Full-Length CLEP College Algebra Practice Test-Answers and Explanations
47- Choice D is correct
\(0.5x=(0.25)×38→x=19→(x-3)^3=(16)^3=4,096\)
48- Choice C is correct
It is given that \(g(4)=6\). Therefore, to find the value of \(f(g(4))\), then \(f(g(4))=f(6)=5\)
49- Choice C is correct
The best way to deal with changing averages is to use the sum. Use the old average to figure out the total of the first 5 scores: Sum of first 5 scores: \((5)(80)=400\), Use the new average to figure out the total she needs after the \(6^{th}\) score: Sum of 6 scores: \((6)(82)=492\) To get her sum from 400 to 492, Mary needs to score \(492-400=92.\)
50- Choice C is correct
To solve a quadratic equation, put it in the \({ax}^2+bx+c=0\) form, factor the left side, and set each factor equal to 0 separately to get the two solutions. To solve \(2x^2=7x-3\), first, rewrite it as\( 2x^2-7x+3=0\). Find the value of the discriminant. \(b^2-4ac=7^2-4(2)(3)=49-24=25,∆>0\), Since the discriminant is positive, the quadratic equation has two solutions \(x=3\) Or \(x=\frac{1}{2}\), There are two solutions for the equation.
51- Choice B is correct
\(y=5a^2 b-3ab+4b^2\).Plug in the values of a and b in the equation: \(a=2\) and \(b=-2\)
\(y=5(2)^2 (-2)-3(2)(-2)+4(-2)^2=-40+12+16=-12\)
52- Choice D is correct
\(f(x)=2x-8,g(x)=x^2+3x-9,\)
\((f-2g)(x)=(2x-8)-2(x^2+3x-9)=2x-8-2x^2-6x+18=-2x^2-4x+10\)
53- Choice A is correct
Let the number be A. Then: \(x=y\% ×\)A.
Solve for A. \(x=\frac{y}{100}×\)A
Multiply both sides by \(\frac{100}{y}: x×\frac{100}{y}=\frac{y}{100}×\frac{100}{y}×\)A→A\(=\frac{100x}{y}\)
54- Choice C is correct
The line passes through the origin, (8,m) and (m,18).
Any two of these points can be used to find the slope of the line. Since the line passes through (0, 0) and (8,m), the slope of the line is equal to \(\frac{m-0}{8-0}=\frac{m}{8}\).

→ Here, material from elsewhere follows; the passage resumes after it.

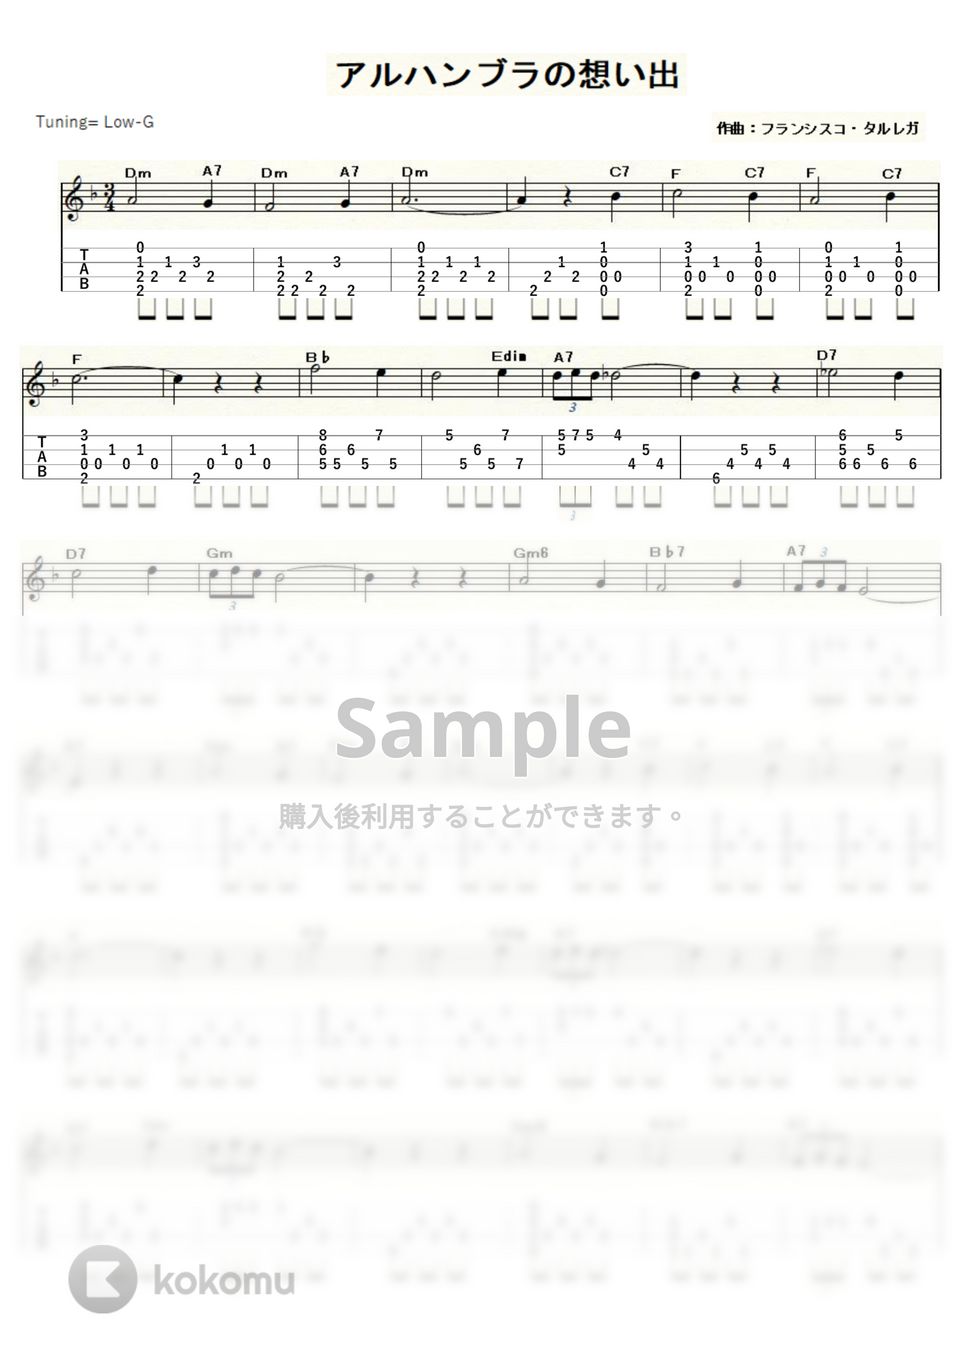 フランシスコ・タレガ - アルハンブラの想い出 (ｳｸﾚﾚｿﾛ / Low-G / 中級～上級) by ukulelepapa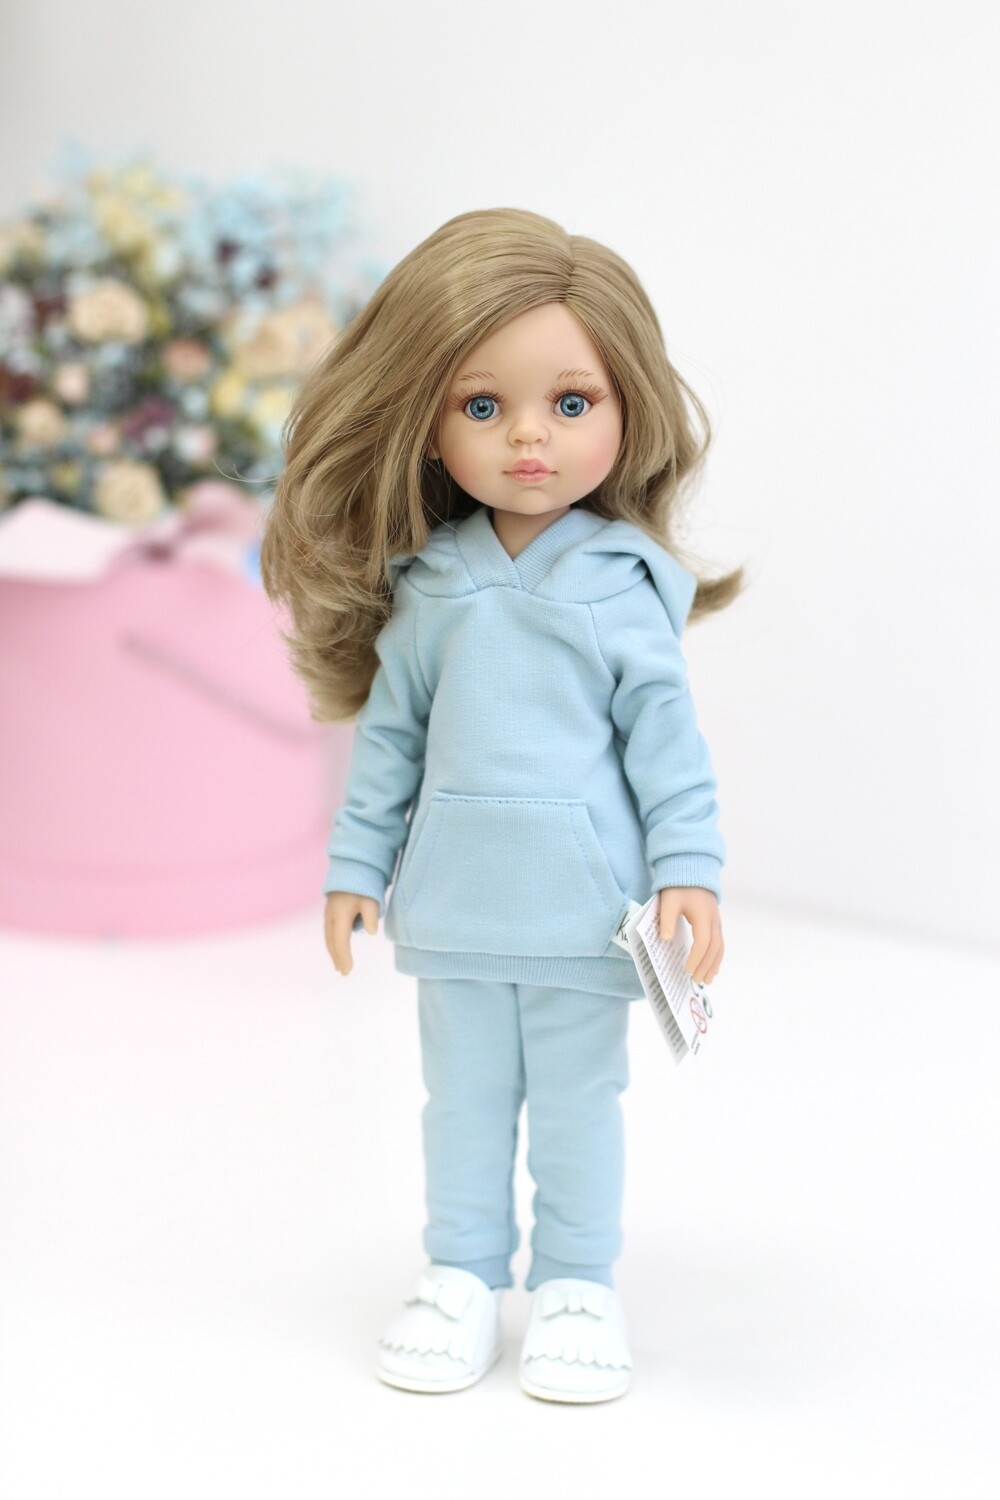 Кукла Карла с волосами по пояс в голубом наряде, с голубыми глазами (Паола Рейна), 34 см

Similarly, since the line passes through (0, 0) and (m,18), the slope of the line is equal to \(\frac{18-0}{m-0}=\frac{18}{m}\). Since each expression gives the slope of the same line, it must be true that \(\frac{m}{8}=\frac{18}{m}\), Using cross multiplication gives
\(\frac{m}{8}=\frac{18}{m}→m^2=18×8=144 →m^2=144→m=12\)
55- Choice E is correct
$1.23 per minute to use the car. This per-minute rate can be converted to the hourly rate using the conversion 1 hour \(=60\) minutes, as shown below. \(\frac{1.23}{minute}×\frac{60 minutes}{1 hours}=\frac{$(1.23×60)}{hour}\)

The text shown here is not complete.